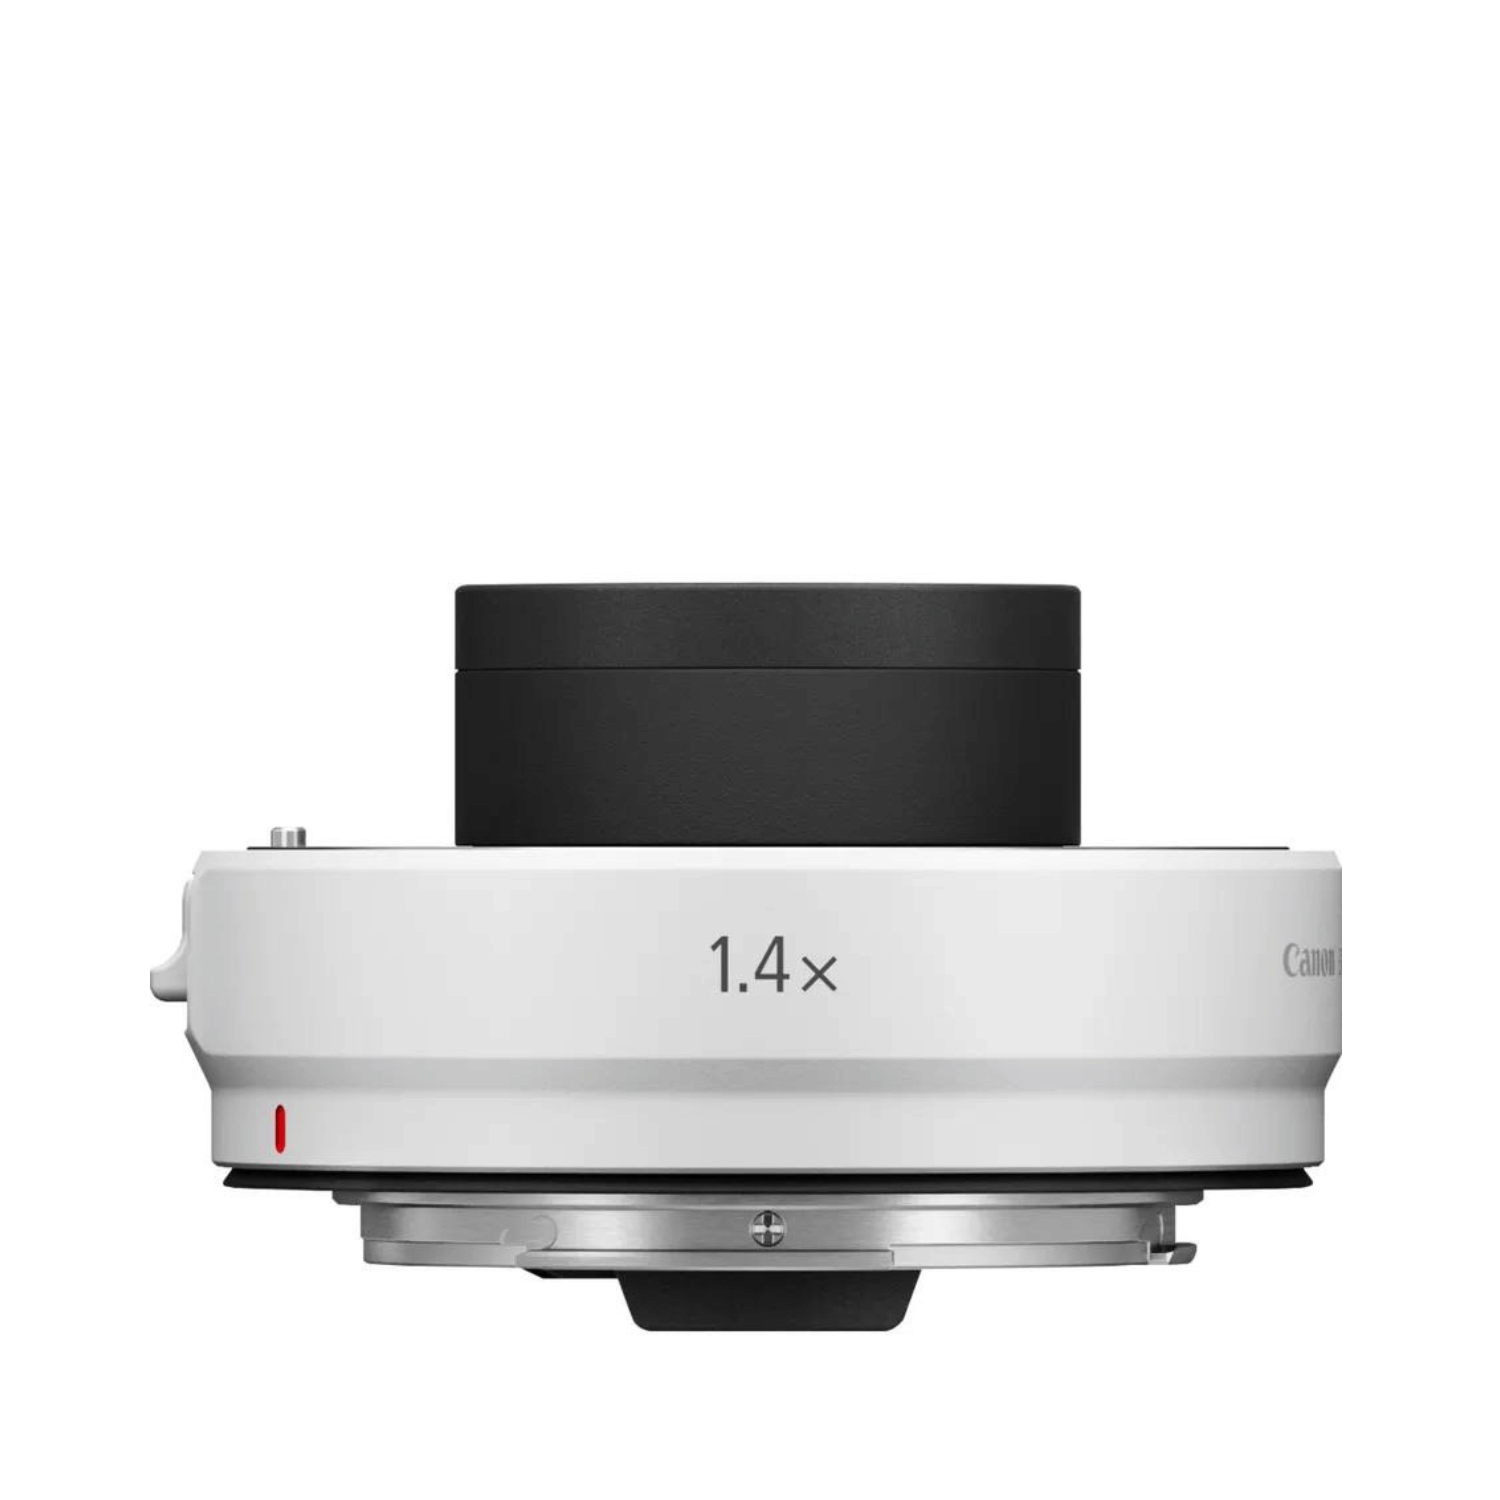 Canon RF Extender 1.4x- Gar. Canon Italia -Cine Sud è da 48 anni sul mercato! 4113C005
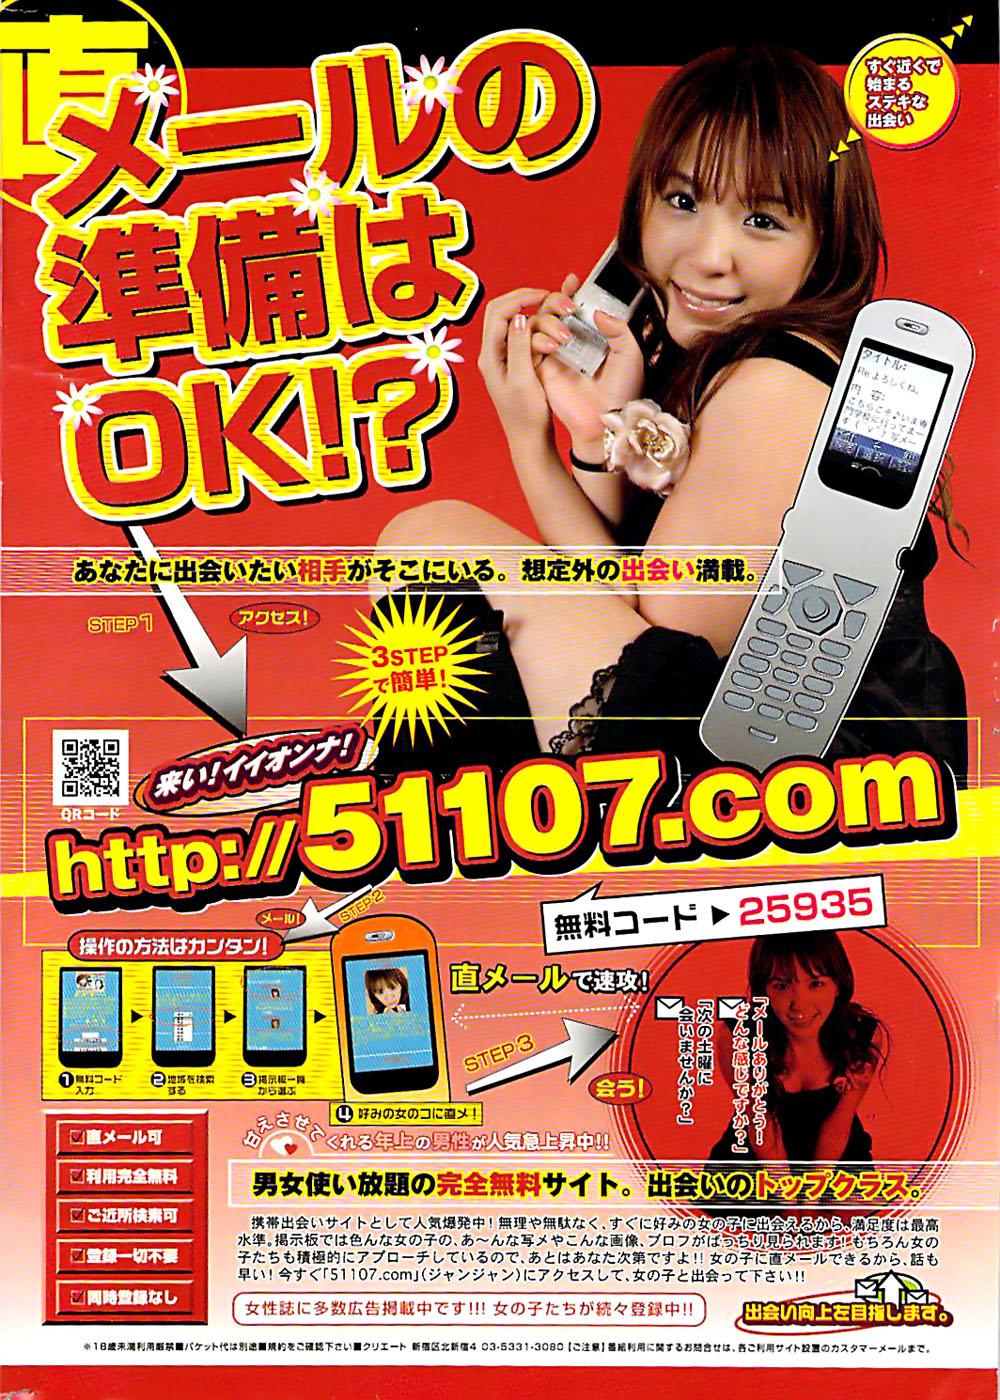 Doki! Special 2006-04 261
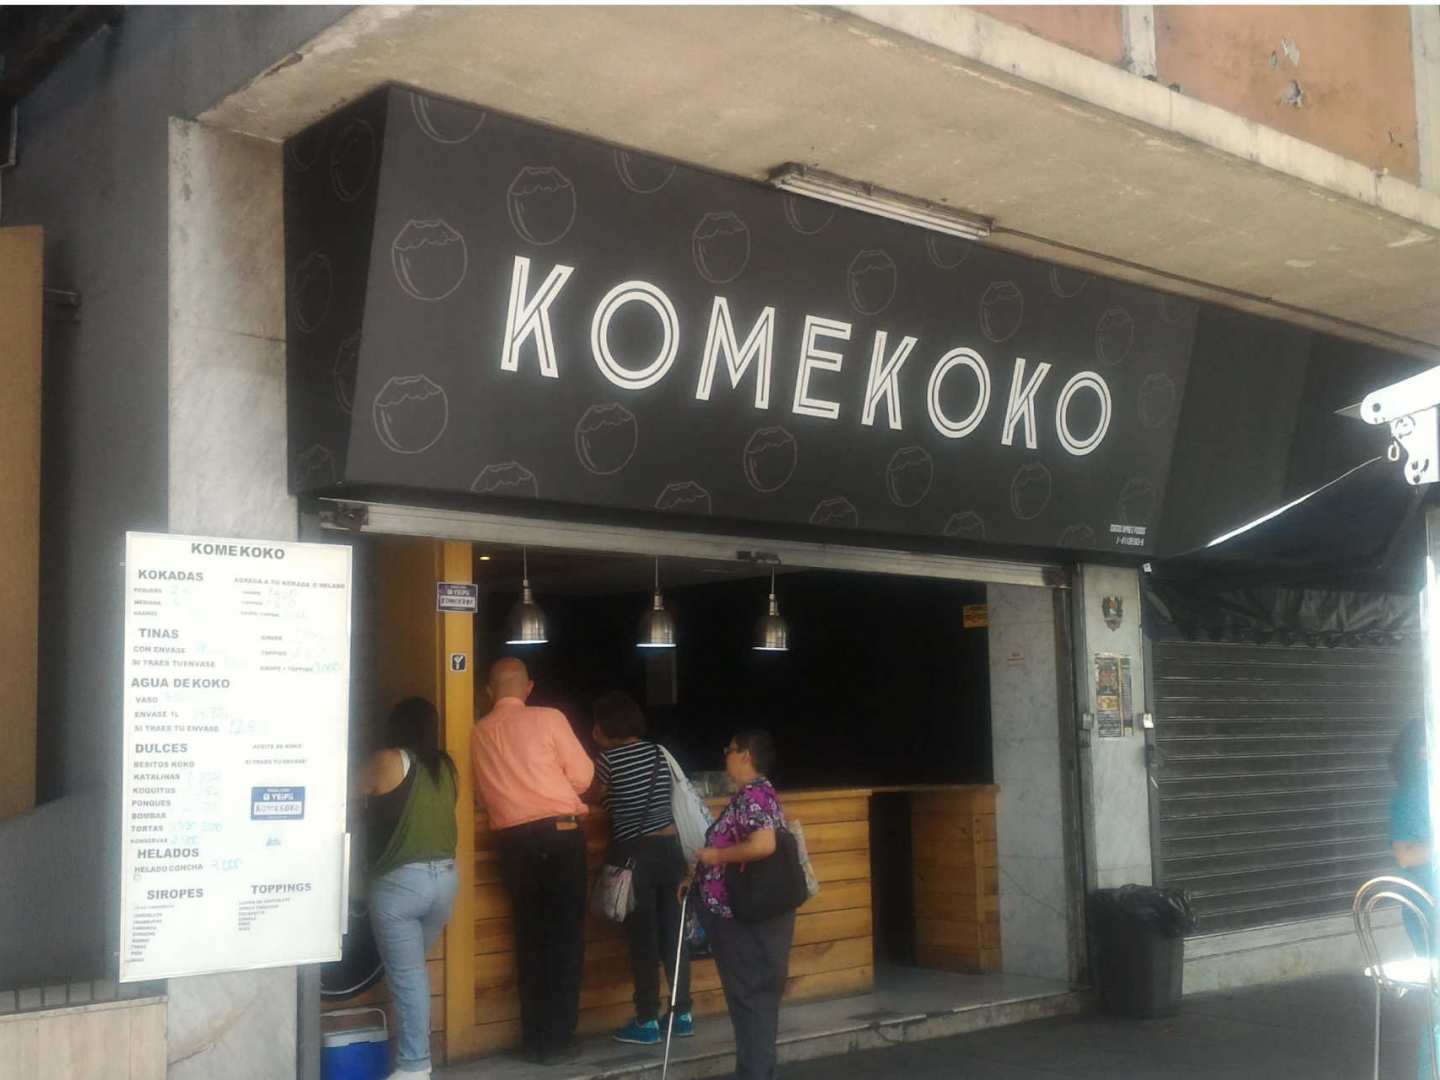 Komekoko

REQUIREMENT -> None of the pictures should appear; copy the rest of the material above exactly.

OUTPUT OF THE TASK ->
 Canon RF Extender 1.4x- Gar. Canon Italia -Cine Sud è da 48 anni sul mercato! 4113C005
 Doki! Special 2006-04 261
 Komekoko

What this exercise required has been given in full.